Task details: What you return should be each line of the data containing the string "Black".

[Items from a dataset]
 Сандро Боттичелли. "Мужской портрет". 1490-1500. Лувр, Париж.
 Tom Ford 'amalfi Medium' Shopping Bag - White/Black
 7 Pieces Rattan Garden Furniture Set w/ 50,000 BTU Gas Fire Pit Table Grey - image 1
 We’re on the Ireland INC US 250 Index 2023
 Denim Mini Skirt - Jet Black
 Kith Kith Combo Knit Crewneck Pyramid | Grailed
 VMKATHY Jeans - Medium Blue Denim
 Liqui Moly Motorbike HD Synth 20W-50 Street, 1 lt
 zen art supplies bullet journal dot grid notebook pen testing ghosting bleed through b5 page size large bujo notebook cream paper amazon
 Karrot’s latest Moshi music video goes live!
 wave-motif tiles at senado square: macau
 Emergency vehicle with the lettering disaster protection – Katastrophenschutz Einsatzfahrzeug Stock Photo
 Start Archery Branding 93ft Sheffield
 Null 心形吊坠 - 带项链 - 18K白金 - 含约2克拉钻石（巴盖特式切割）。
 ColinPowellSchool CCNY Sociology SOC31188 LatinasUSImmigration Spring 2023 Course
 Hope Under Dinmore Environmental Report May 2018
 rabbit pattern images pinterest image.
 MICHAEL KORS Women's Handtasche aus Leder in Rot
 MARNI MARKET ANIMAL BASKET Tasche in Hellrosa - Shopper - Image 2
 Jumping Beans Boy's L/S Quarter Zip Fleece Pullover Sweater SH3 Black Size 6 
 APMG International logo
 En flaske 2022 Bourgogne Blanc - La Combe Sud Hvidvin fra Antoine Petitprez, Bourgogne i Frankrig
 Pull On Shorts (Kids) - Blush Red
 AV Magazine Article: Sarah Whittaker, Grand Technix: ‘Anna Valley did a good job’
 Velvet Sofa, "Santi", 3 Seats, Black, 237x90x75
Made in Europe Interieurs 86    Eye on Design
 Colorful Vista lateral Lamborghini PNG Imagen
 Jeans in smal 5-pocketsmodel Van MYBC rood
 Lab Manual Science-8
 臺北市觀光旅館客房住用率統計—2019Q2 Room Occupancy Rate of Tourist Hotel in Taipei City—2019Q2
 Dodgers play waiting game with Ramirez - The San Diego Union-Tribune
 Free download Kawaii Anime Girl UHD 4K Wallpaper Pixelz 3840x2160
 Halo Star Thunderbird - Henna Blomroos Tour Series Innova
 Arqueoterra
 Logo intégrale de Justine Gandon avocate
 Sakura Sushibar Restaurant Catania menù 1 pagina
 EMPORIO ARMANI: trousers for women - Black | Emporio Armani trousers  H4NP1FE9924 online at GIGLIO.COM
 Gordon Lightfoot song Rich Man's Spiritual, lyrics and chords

The completed task:
 Tom Ford 'amalfi Medium' Shopping Bag - White/Black
 Denim Mini Skirt - Jet Black
 Jumping Beans Boy's L/S Quarter Zip Fleece Pullover Sweater SH3 Black Size 6 
 Velvet Sofa, "Santi", 3 Seats, Black, 237x90x75
 EMPORIO ARMANI: trousers for women - Black | Emporio Armani trousers  H4NP1FE9924 online at GIGLIO.COM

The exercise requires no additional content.